Offline QA technical documentation (old)

Last Update: 29 April 2005
(Inserted into Drupal on 30 Mar 2010, expect links to be broken!)


Purpose:
   This page provides nuts-and-bolts level documentation of the QA system for maintainence and troubleshooting through run 5.  Nothing here is necessary for those doing QA shift work, this page is only for those maintaining the browser software.

 

Quick Useful Links:

 

QA System Components

 

CGI Web Interface

Overview:  This is the main program of the QA system.  It queries the production database, requests the histograms to be made (via the daemon), stores information in the QA database, and provides a cgi web interface for the whole thing. 

Herb Says:  This is a C program (or, more precisely, an image of a C program).

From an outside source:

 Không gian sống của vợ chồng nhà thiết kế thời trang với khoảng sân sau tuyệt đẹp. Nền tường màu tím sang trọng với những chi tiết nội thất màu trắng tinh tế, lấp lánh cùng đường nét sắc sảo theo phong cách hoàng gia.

The
code for it is in a file named qa.c, a copy of which is under the starqa
RCF account home directory.  In the same place you will find a make file
which installs the program in an AFS CGI directory accessible by the STAR
WWW server.  This program has two inputs: the database described as "part
D" above and below, and the user (eg, a QA shift worker).  A link to the
CGI program is on the STAR QA page, and it is how the QA shift worker
enters the program.


Details:  The source tree for the code is on RCF at ~starqa/QA, the files are qa.c and a few functions in lib.h and lib.c.  A Makefile is also available in the same directory which compiles and installs the program on STAR's web server. 

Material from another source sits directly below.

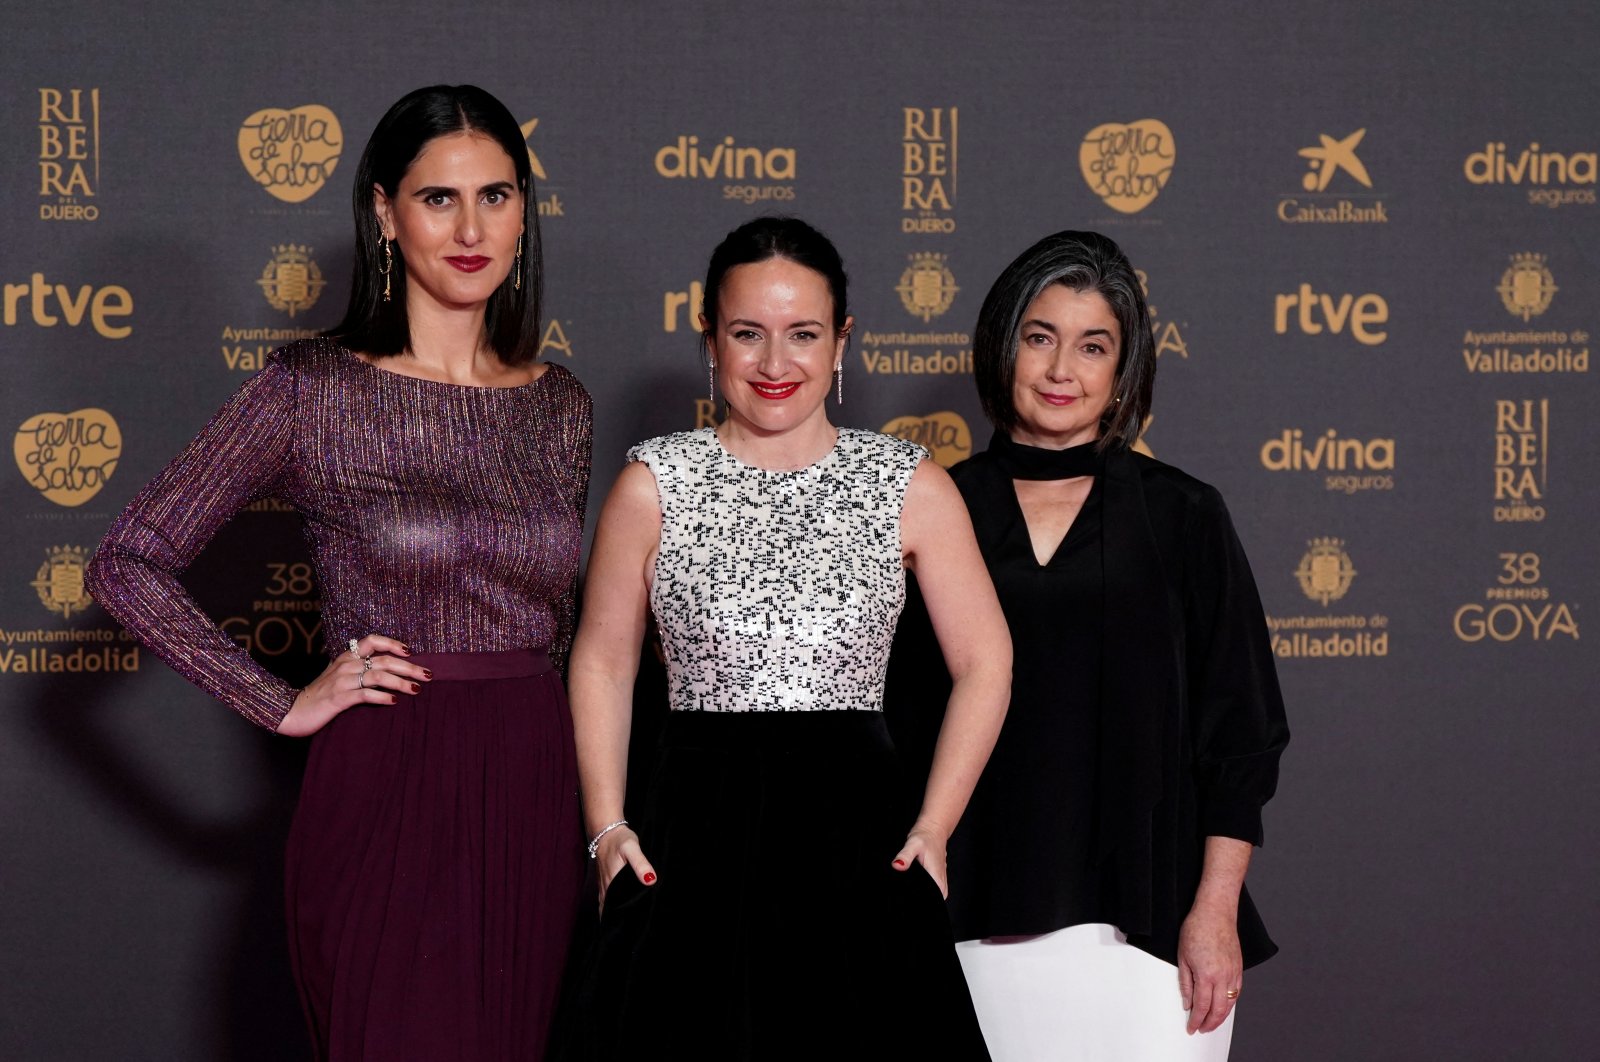 El documental nominado al Oscar narra el viaje de un periodista chileno con Alzheimer

qa.c is 2,000+ lines of string manipulation, html output, and mysql queries.  To find (some of) the code for a certain page, check the switch statement in main (line 2025) for the function call pertaining to a given page number.  The mysql queries are mostly handled through the Query function defined in lib.h and lib.c.  When all the cuts and selections have been made, this program adds a line to the QA DB with the request for the daemon to create the histograms.  When the daemon is finished it flags that entry, so the QA DB is monitored waiting for the daemon's response.  When the daemon is done, URL's pointing to the gzipped postscript files of the plots are sent to back the user for evaluation.

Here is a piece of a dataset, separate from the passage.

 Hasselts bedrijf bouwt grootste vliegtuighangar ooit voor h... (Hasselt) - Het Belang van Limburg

Source:  qa.c  lib.h  lib.c

Web Interface:  Some documentation is available here: QA Browser Documentation (Run 4).  To play with it yourself the CGI page is here: QA Offline Browser.  The sections for shift work of real data  (1.1) and fastoffline data (3.1) should work, but most of the other stuff doesn't.  Its not clear if it should be fixed or removed...


Notes: 

  • qa.c is also compiled with lib.h and lib.c.  One thing that looks odd in the code is from a definition in lib.h:
#define PP printf(
This will cause emacs to panic about unmatched parentheses.   (This was fixed by Jerome)

 

Daemon

Overview:  The daemon watches the QA DB for a request to generate histograms from certain run data.  When it sees a request it launches a ROOT macro to generate postscript files and flags the DB when finished.

Herb Says:  This is not actually a daemon in the full technical sense.  It is just
a program runs continuously, and which is kept alive through reboots by a
cron job, under the starqa account on the RCF machine rcas6004.  It
watches the database (part C) for requests from part A.  When it sees a
request, it generates the requested histograms and, when it is done, it
notifies part A through the database (part C). 

Details:  The code and Makefile is available on RCF at ~starqa/QA/daemon.c.  The daemon runs on rcas6004 (which is reserved) under the starqa account, and is started from a cron job, and apparently needs to be manually restarted often. 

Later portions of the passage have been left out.